✏️Prompts

Inventory Impairment Assessment Prompt

Prompt

You are a financial controller assessing whether an inventory impairment charge is required.
Inventory data: [PASTE: Product line | Inventory value | Expected future selling price | Estimated sales volume (next 12 months) | Any events triggering impairment review (market decline, product discontinuation, technology obsolescence)]
Triggering event assessment:
Significant decline in selling prices — current market price vs. carrying value
Physical deterioration — damage, expiry, or obsolescence since purchase
Changes in market conditions — customer loss, competitive pricing, technology shift
Management decision to discontinue product — carrying value vs. NRV
For each triggering event:
Quantify the potential impairment
Determine if write-down is required under LCNRV
Journal entry required
Output: Impairment assessment workpaper. Total potential write-down.

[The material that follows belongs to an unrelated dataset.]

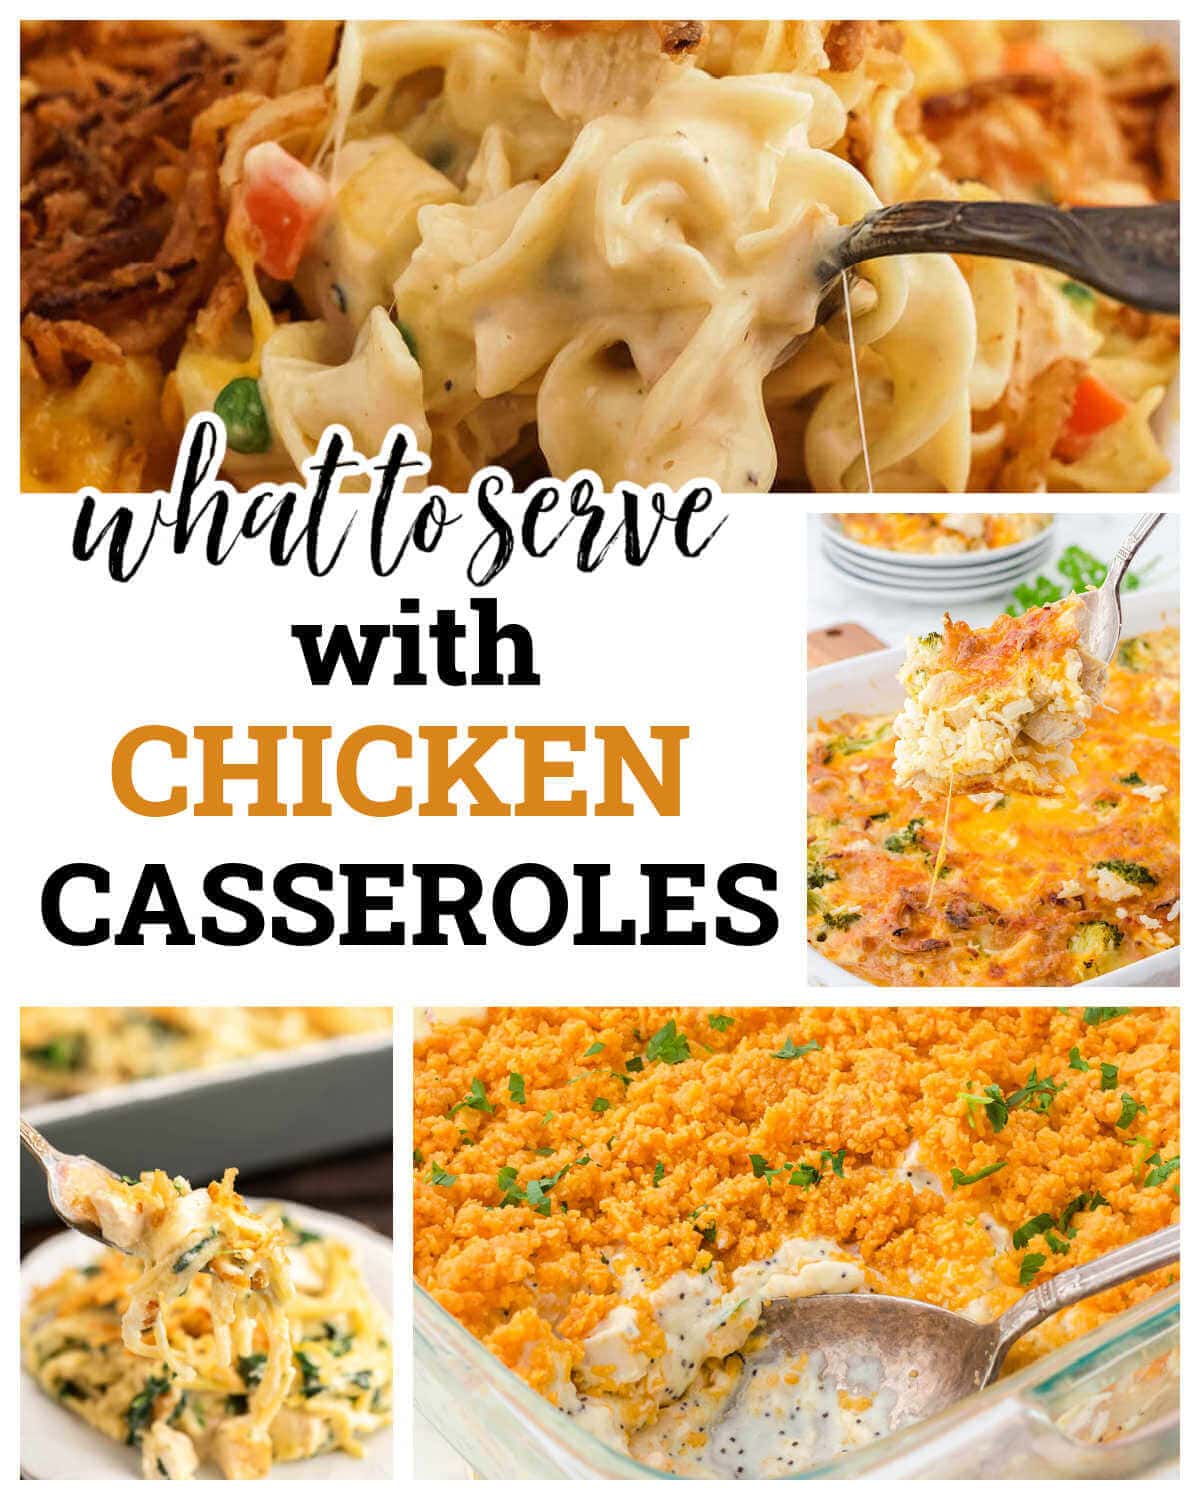 Collage of chicken casserole photos for what to serve with chicken casseroles. With print overlay.

Journal entry. Disclosure requirement if material.
Inventory Capitalization Policy Review

Why it works

The triggering event assessment is what distinguishes a routine period-end review from a required impairment assessment — under US GAAP, impairment must be assessed when specific events suggest the carrying value may not be recoverable. NRV calculation (expected selling price minus disposal costs) is required under both GAAP and IFRS and this prompt explicitly operationalises the calculation. The auditor notification requirement for material impairments builds the governance step into the assessment process.

Watch out for

Inventory impairment requires significant judgement about future selling prices and demand that may be difficult to support in audit — overly optimistic NRV assumptions that avoid recognition of an impairment loss will attract auditor scrutiny. Document the basis for all NRV estimates (recent transactions, market data, customer orders) and be conservative in assumptions for items where market evidence is limited.